The minimum specifications for a UWB standard call for bandwidth of 110M bit/sec over 10 meters and 200M bit/sec over four meters, with a development path toward 480M bit/sec, probably over about one meter, he said. UWB has mechanisms for guaranteed quality of service that make it more appropriate than Wi-Fi for multimedia, he added.

The Federal Communications Commission last year approved the use of UWB by unlicensed wireless systems. UWB uses a broad portion of the radio spectrum. The U.S. Department of Defense and Federal Aviation Administration had fought the approval because of fears UWB could interfere with navigation systems and GPS.

Marketing Time Domain’s technology for commercial applications called for the creation of a new company, Ross said. Time Domain had been working on UWB for commercial applications since about 1998 and Alereon now plans to sell chips to makers of equipment that would use the system.

However, between regulatory approval and market deployment lies the thrashing out of standards. Alereon backs the standard that the Multiband OFDM (Orthogonal Frequency Division Multiplexing) Alliance is proposing to the IEEE, which garnered about 60% of the votes at the last meeting of the IEEE’s 802.15.3a group, Ross said. It needs 75% to pass, which he hopes will happen at the group’s next meeting in September. A competing proposal is being spearheaded by XtremeSpectrum and Motorola.

If that proposal passes in September, Alereon probably would ship standard IEEE 802.15.3a chips in sample quantities in the middle of next year and in volume in the fourth quarter, Ross said.

However, if that approach does not pass, Alereon might ship products that meet a specification supported by members of the MultiBand OFDM Alliance, he said. Intel, Texas Instruments, HP, Koninklijke Philips Electronics NV and Samsung Electronics are among the members of the Multiband OFDM Alliance.

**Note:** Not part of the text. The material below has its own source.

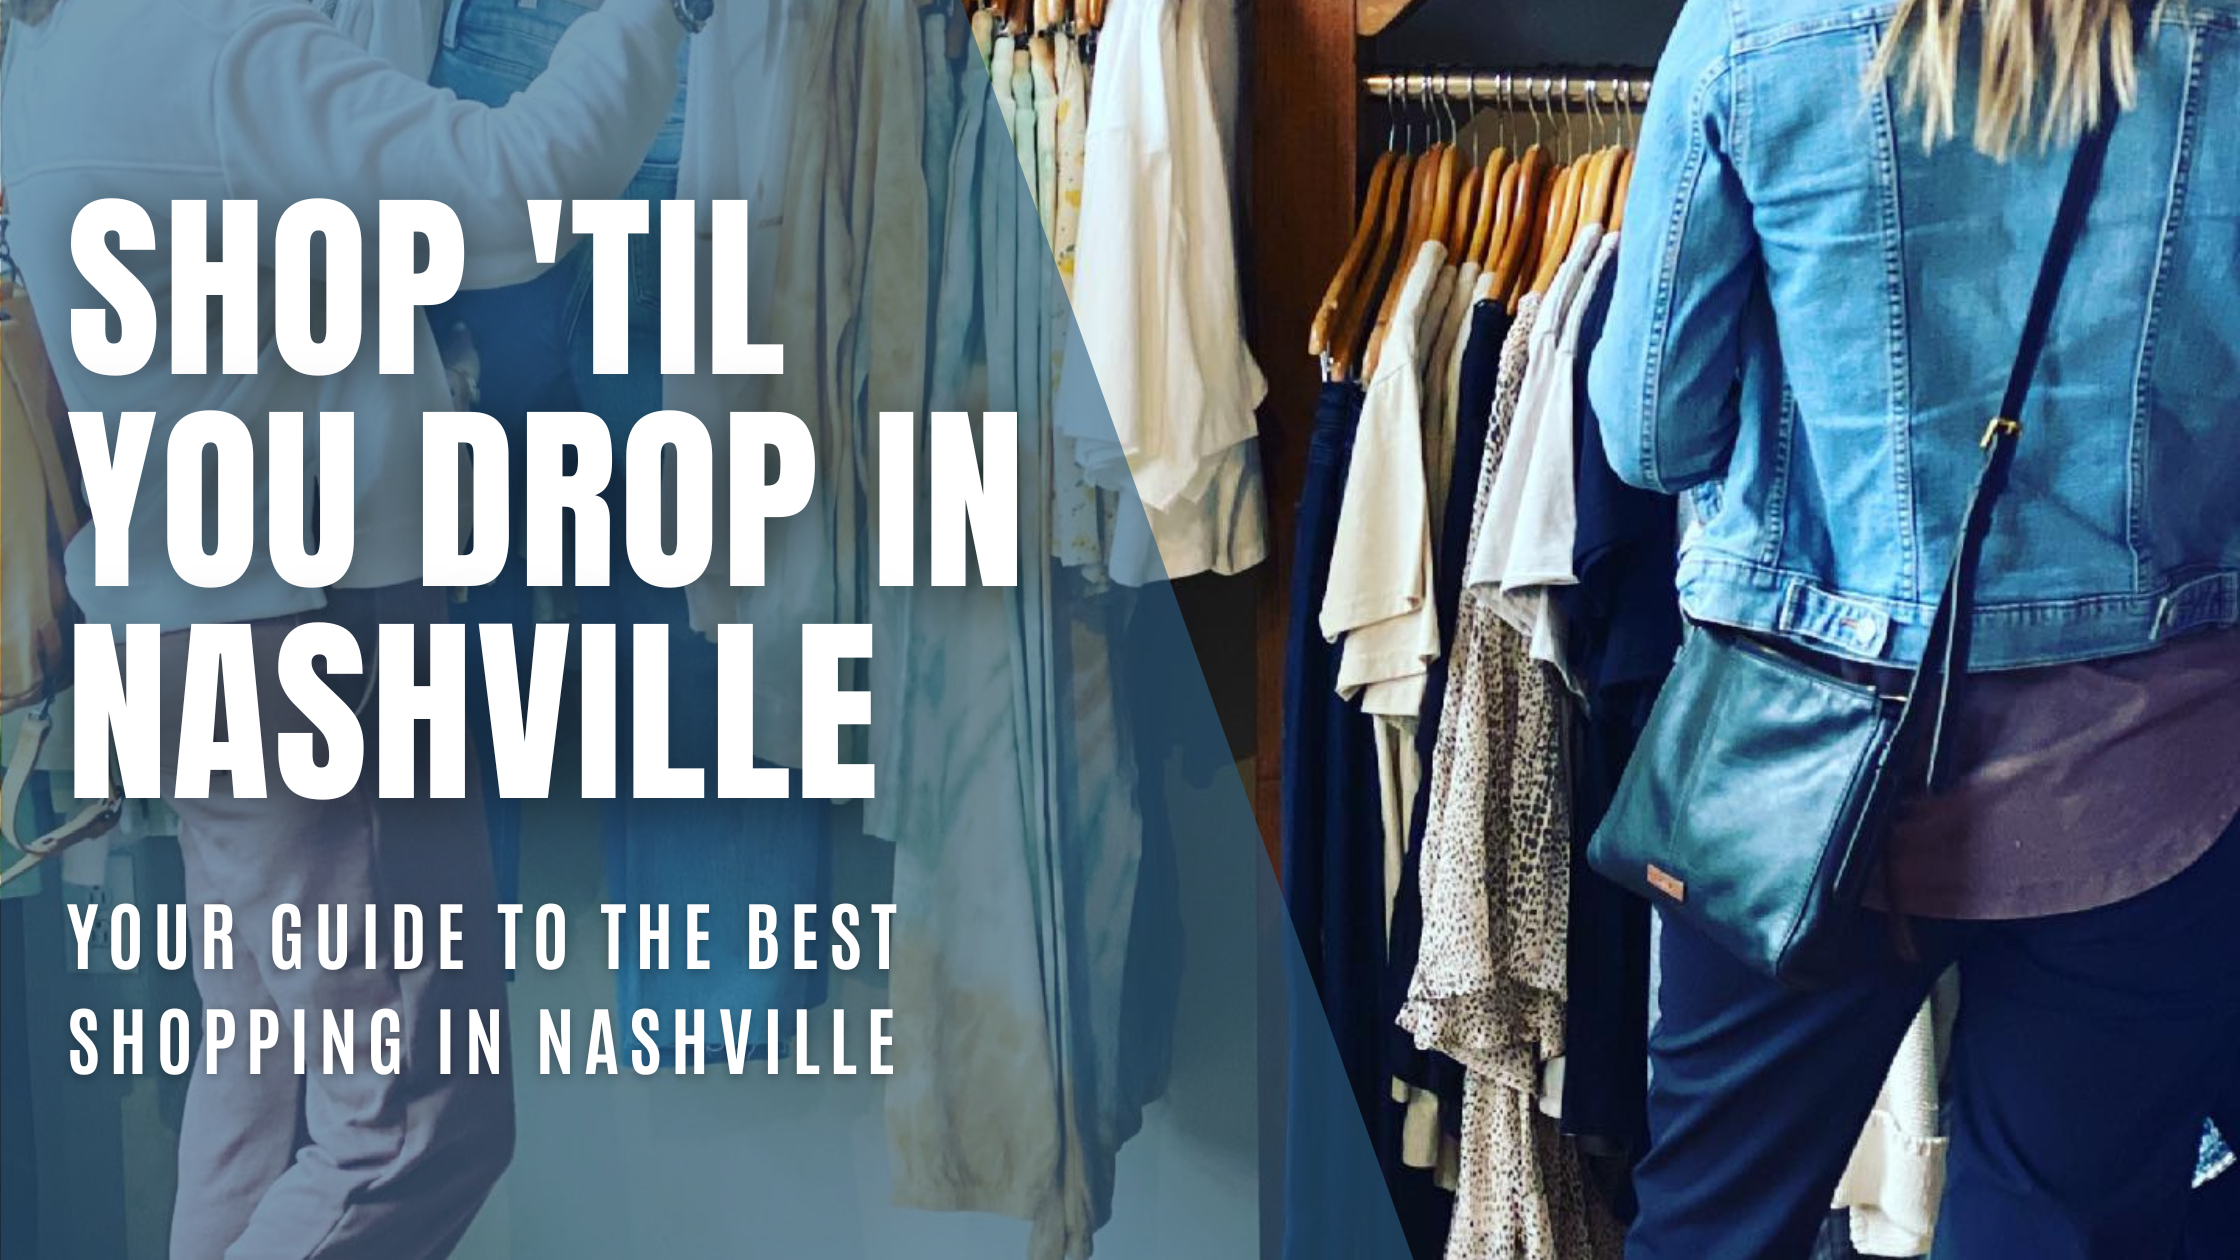 graphic that says shop 'til you drop in Nashville - your guide to the best shopping in nashville with an image of two women shopping in the background

“I think it’s possible you’ll see some other ways those companies (could) get together to bring a product to market,” Ross said. “With all those companies backing a particular architecture that’s already pretty well agreed upon, we could get it to market pretty quickly.”

Either way, Alereon won’t ship a product until the stage has been set in terms of standards.

“You cannot go out with a nonstandard or prestandard chip and sell more than a few thousand units for a high-end application,” Ross said.

The industry is eagerly awaiting a standard and it’s too early to make a firm assessment of UWB, InStat’s Paulo said.

“The biggest unknown is just how the products are going to work. … There isn’t a whole lot of silicon and we haven’t seen end products yet,” she said.